Closed vossenv closed 1 year ago
What input are you feeding to the NAM plugin? Is it coming from your audio interface?
What input are you feeding to the NAM plugin? Is it coming from your audio interface?
There is no input at all here (as you can see in the gig performer shot) - just NAM by itself
Ok, I've been able to reproduce this. Silence seems to produce a complete fixed, positive DC offset. The magnitude seems to vary from model to model - likely due to gain differences.
Yep, this makes sense.
Zero isn't special to the models. When the input to the WaveNet is constant, the output is constant, but what constant is learned (as imperfectly as the rest of the model).
Happy to see this patched with an hpf.
A hpf is certainly an easy fix for the dc offset.
I still find it a bit strange, though. I ran an identity training test (input/output wavs the same). ESR reported by training was .0000 (btw, it would be nice to have more decimal places here).
Null test of the model shows -60db RMS. After dc offset correction, -67db RMS. I would have thought that if a simple linear offset can reduce error by 7db, that would have been figured out during training. Or am I misunderstanding something?
An even simpler way to correct this is to check what value the model outputs for zero, and correct the head bias by that amount. I've verified that this works for LSTM models.
It still seems like training should have been able to do a better job of finding the correct head bias value, though, doesn't it?
I too use a plugin after NAM to remove DC offset, every capture produces a different level of DC offset depending on gain. DC offset in an audio signal is not healthy, it can create distortion in following plugins, loud pops and many more problems. Better fix this at the core.
Why this important bug doesn't have a title? "DC Offset"
I want to chime in with a quick observation on my side.
As far as I have tried, having the head bias ON most of the time led to a negative effect in the model ESR during training. For that reason I tend to turn OFF the Head bias. (maybe this is only me? has anyone seen anything similar?) I see here that it can also have a not so desired effect during inference time.
Maybe it's not so necessary to have the head bias after all?
As far as I have tried, having the head bias ON most of the time led to a negative effect in the model ESR during training.
Are you talking about LSTM or WaveNet? My quick test with no head bias in WaveNet resulted in a slightly higher ESR.
ah i'm talking about LSTM.
I wonder if maybe the training pre-emphasis filter is causing this?

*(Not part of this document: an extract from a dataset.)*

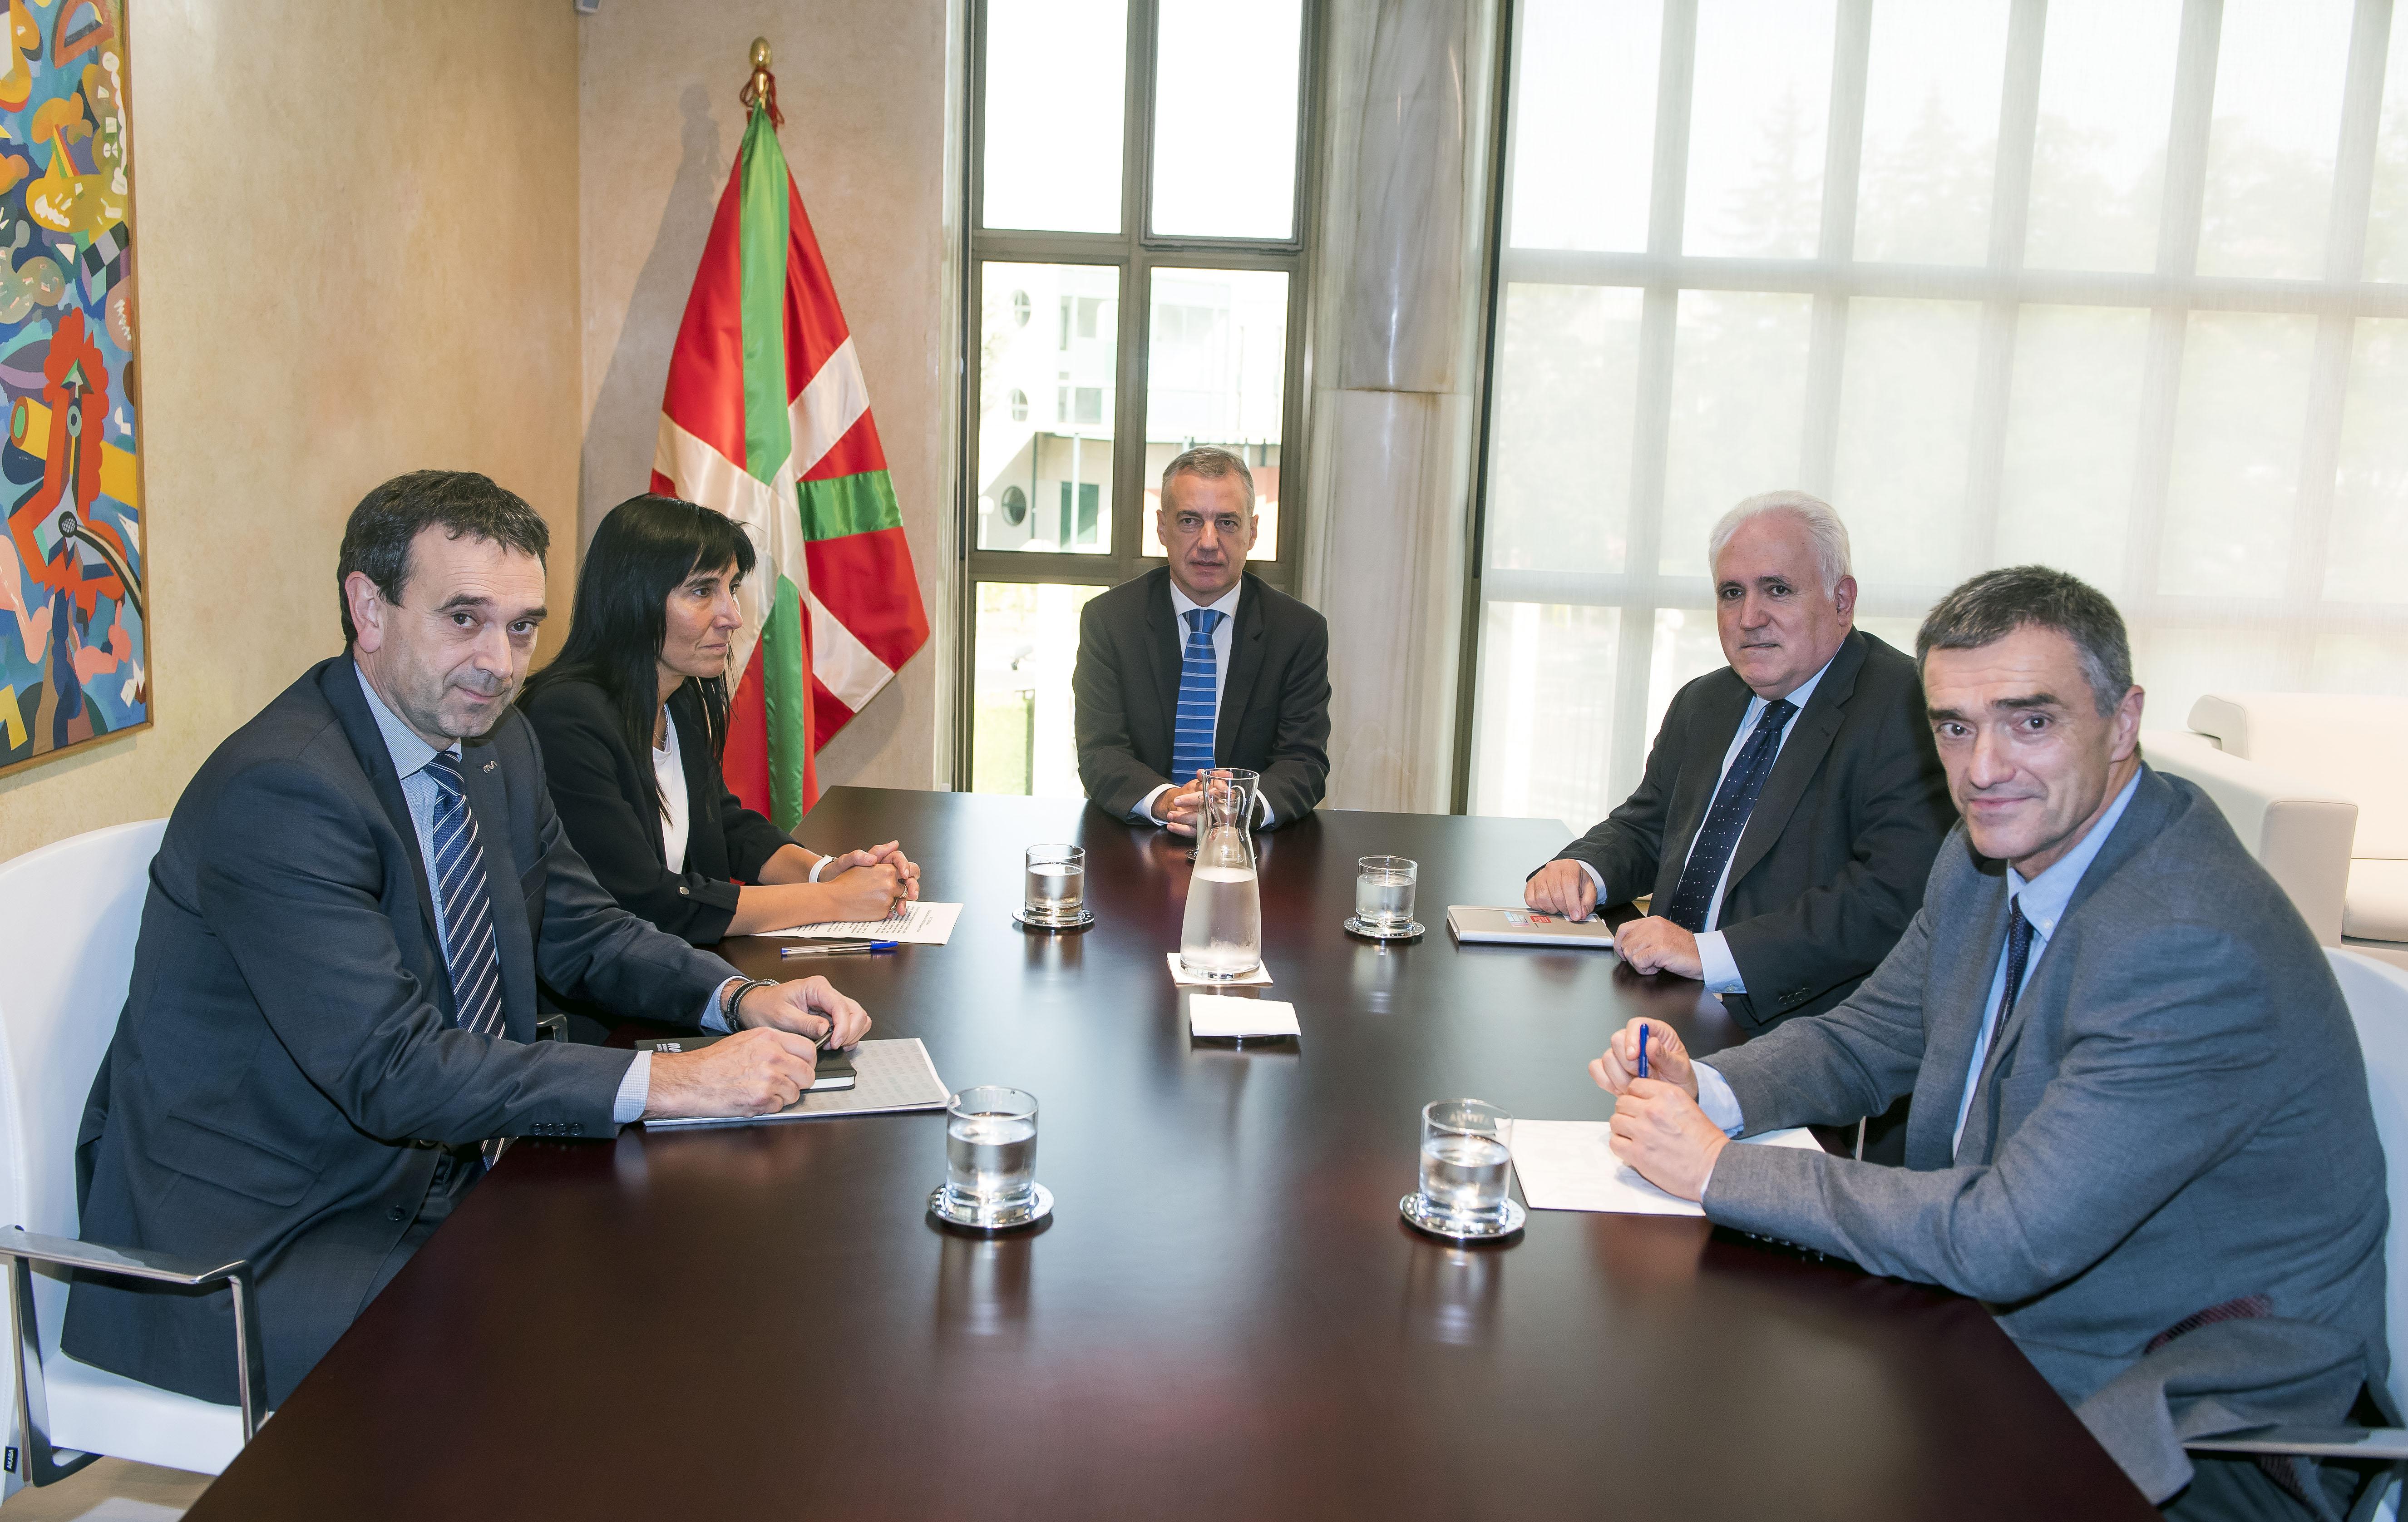 Euskadiko unibertsitateek berritu egin dute Eusko Jaurlaritzarekin bizikidetzaren eta giza eskubideen arloan zuten konpromisoa legealdi honetarako

If so, it might make sense to store the coefficient used so that it can also be applied at playback.
@KaisKermani
As far as I have tried, having the head bias ON most of the time led to a negative effect in the model ESR during training. For that reason I tend to turn OFF the Head bias. (maybe this is only me? has anyone seen anything similar?)
I've not actually checked. I'm not sure I can think of a good reason why it'd be better one way or the other. One of those things where you might as well find out by trying.
How much a difference, out of curiosity?
@mikeoliphant
it might make sense to store the coefficient used so that it can also be applied at playback.
The pre-emphasis filter is applied to both the predictions and targets. Think of it as up-weighting certain properties of the prediction loss and un-emphasizing others.
Concretely, since the pre-emphasis filter takes ~the difference between consecutive samples, so it's like it's telling the model to get the slope of the predictions right, not their values. So I can see how PEF would degrade the ability to predict zero with zero input.
But you wouldn't apply it while making predictions in the plugin.
I'm primarily just trying to understand the root cause of the DC offset to inform what the best way to handle it is.
If it is just a zero offset, then it seems like the best compensation is to apply the relevant offset at playback - that's cheaper and less destructive than a hpf. If there is more of an actual high pass baked into training, then it would make sense to replicate that at playback.
In either case, even though I don't think it causes any significant audible issues (particularly after a typical IR), I think it is important to address - probably at the core level (rather than in the plugin). It "smells" bad, gives the perception that playback is noisier than it actually is, and messes with any null testing that isn't explicitly taking DC offset into account.
If there is more of an actual high pass baked into training, then it would make sense to replicate that at playback.
There is a sort of HPF baked into training when the pre-emphasis filter is used, but it's applied to both signals--training is trying to enforce "HPF(NAM) = HPF(Target)".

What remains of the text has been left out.